Coal is America's most abundant domestic source of energy.
What oil is to Saudi Arabia coal is to the United States. TVA
relies on coal for a significant portion of our generation,
just over 60 percent in 2004. Continued use of coal is an
important part of TVA's strategy to provide affordable,
reliable electric power to 8.5 million people in our service
territory. Keeping coal as an integral part of TVA and the
Nation's energy mix is essential to the economic wellbeing of
both the Tennessee Valley and our Nation.
I am going to briefly summarize our response to question
number 4 regarding the improvement, improving coal for power
generation, by saying that it may be cheaper to invest in coal
transportation rather than extra high-voltage transmission
lines, but what is sometimes overlooked in the coal-by-wire
discussion is that redundant paths are needed for transmission
lines to move major blocks of power from coal-rich areas to
population centers.
However, there are some problems in the coal transportation
area also. The major railroads and barge companies are beyond
their ability to provide timely and cost-effective delivery of
coal to utilities. For coal-fired power generation to increase
in future years, railroads and barge companies must have the
capacity in place to meet increased customer demand.
It would seem to us that a balanced approach of improving
both the coal transportation and the power transmission systems
would make the most sense. Investment in technology and
capacity improvements in power transmission, rail lines, and
barge lock systems will all be required for a comprehensive
approach to maintain and to encourage greater use of coal for
power generation in the future.
Thank you, Mr. Chairman.
Senator Alexander. Thank you, Mr. McCullough.
Thanks to each of you.
The vote has started, but I think we have time for each of
us to ask a question or make a comment, and then we would ask
you just to respond to it in writing if you would not mind. I
think all of you know how to get in touch with the professional
staff or with us if you need to.
My question would be simply, it would help me if you could
provide me with one or two examples of siting difficulties for
transmission capacity so I could--you probably have several to
choose from, but a few examples of that would be a help, and
how the energy bill that we are working on might help prevent
those kinds of problems in the future. That would be my
question.
Senator Bingaman.
Senator Bingaman. Mr. Chairman, in light of the time
constraints we have, let me just thank all the witnesses. I
think it has been useful. I wish we had more time to delve into
some of these issues.
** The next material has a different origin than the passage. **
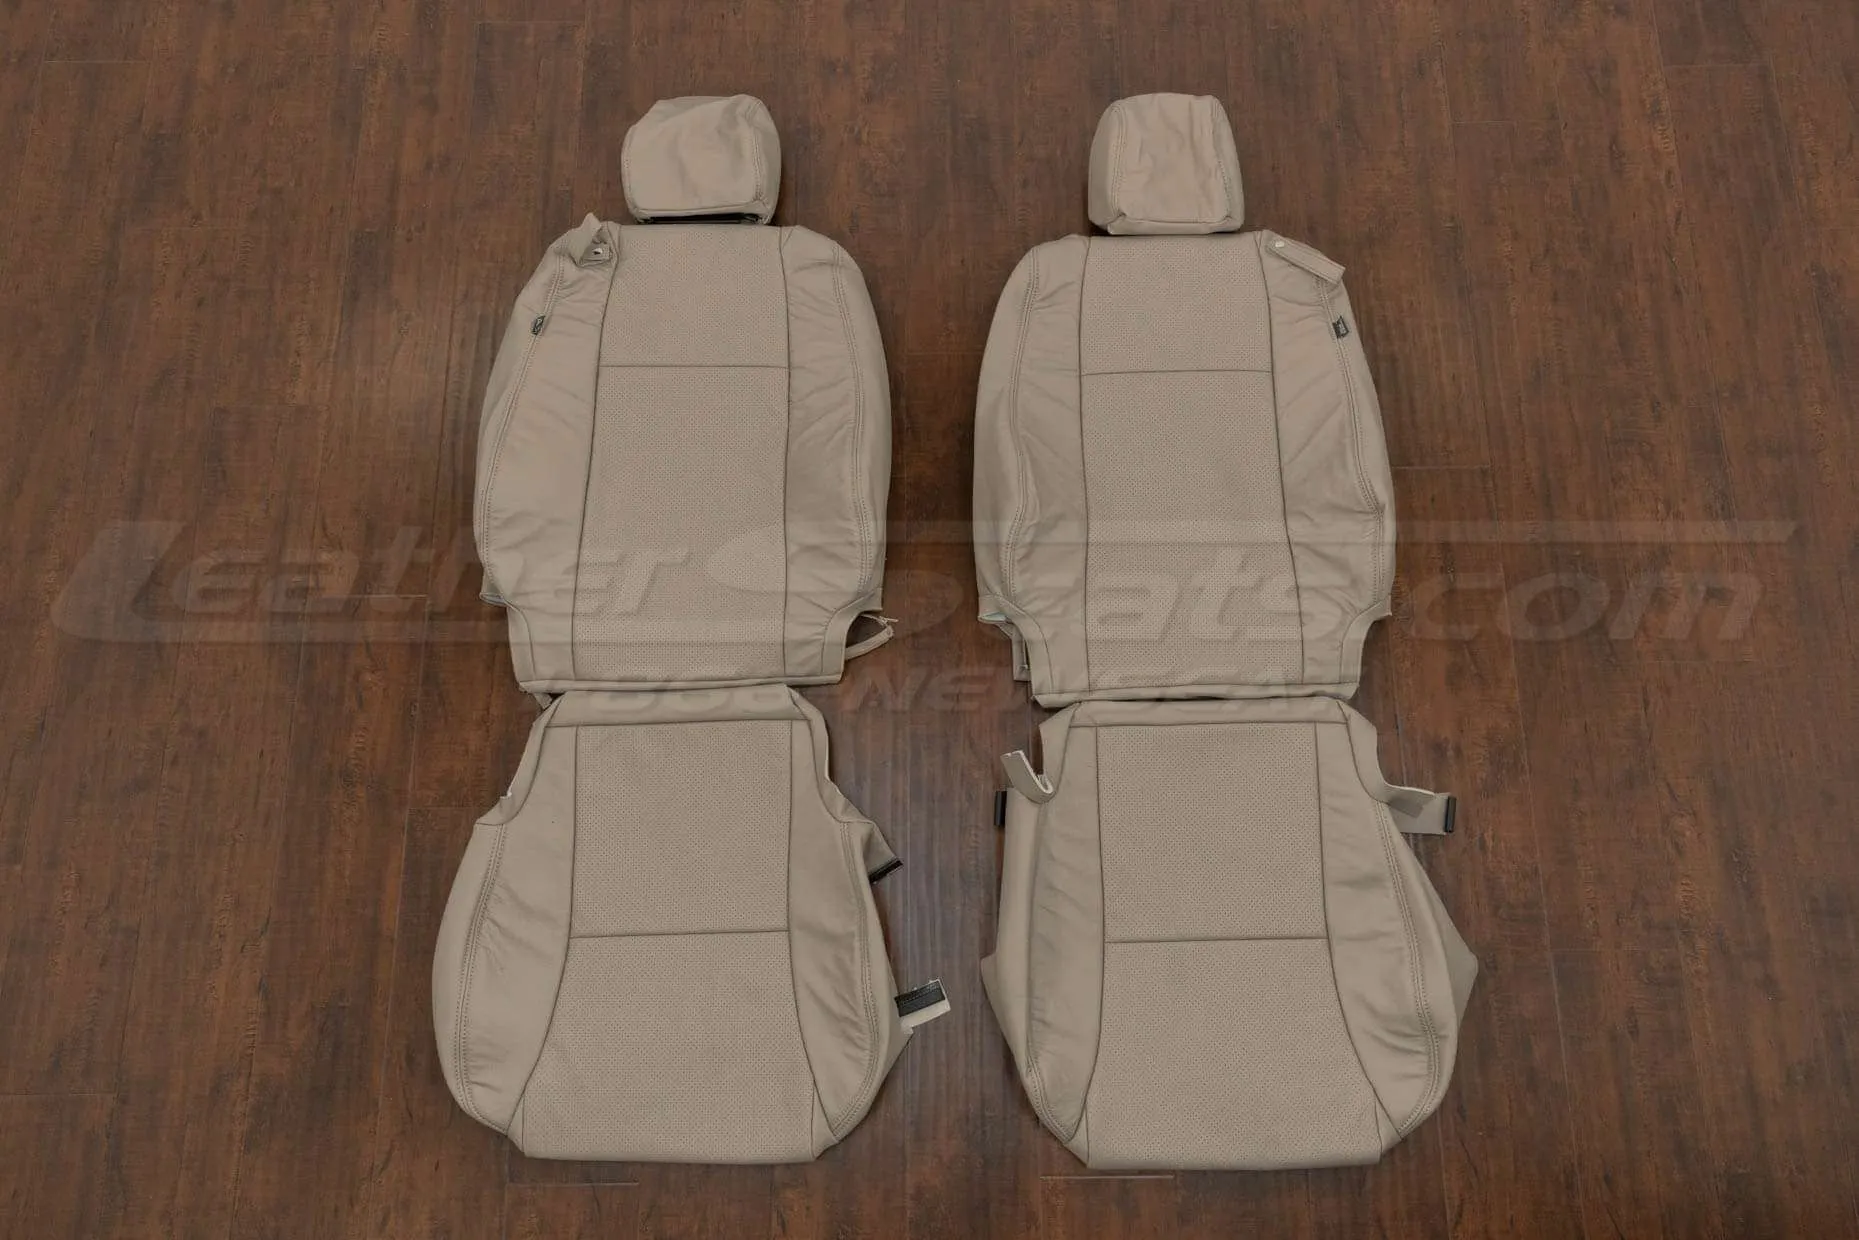 Toyota Solara Leather Seat Kit - Ivory - Front seat upholstery

But I am sure we will try to read through
all the detailed statements that have been given to us and
digest what is in there. Hopefully, you will see some of that
reflected in the legislation that we proceed with.
Thank you very much.
Senator Alexander. Senator Bunning.
Senator Bunning. I am very interested in transmission and
certain areas of our State are having difficulty getting
transmission from one place to another. Certain transmission
lines are owned by one utility over another. We have to get
some type of cooperative effort so that we can keep rates low
and get transmission to all areas, both rural and urban, in all
parts of this country, and we have to do it as quickly and
without new regulations.
I would like to see them voluntary. A lot of people want a
mandatory regulatory scheme that I am not for.
So if you could make suggestions on transmission and how to
get it from one area of the State and/or one area of the
country, because that is a major, major problem right now, the
double use or the use of other people's transmission lines
without a huge service charge for using them, a reasonable rate
that would not blow the electricity out of the water that goes
through those transmission lines.
Thank you.
Senator Alexander. Thank you, Senator Bunning.
Thanks again to each member of the panel and to the first
panel for your thought and for the extra effort you have made
and for adjusting yourselves, as we have to, to the schedule of
the U.S. Senate. We look forward to your written answers and to
any further comments.
The hearing is adjourned.
[Whereupon, at 4:01 p.m., the symposium was adjourned.]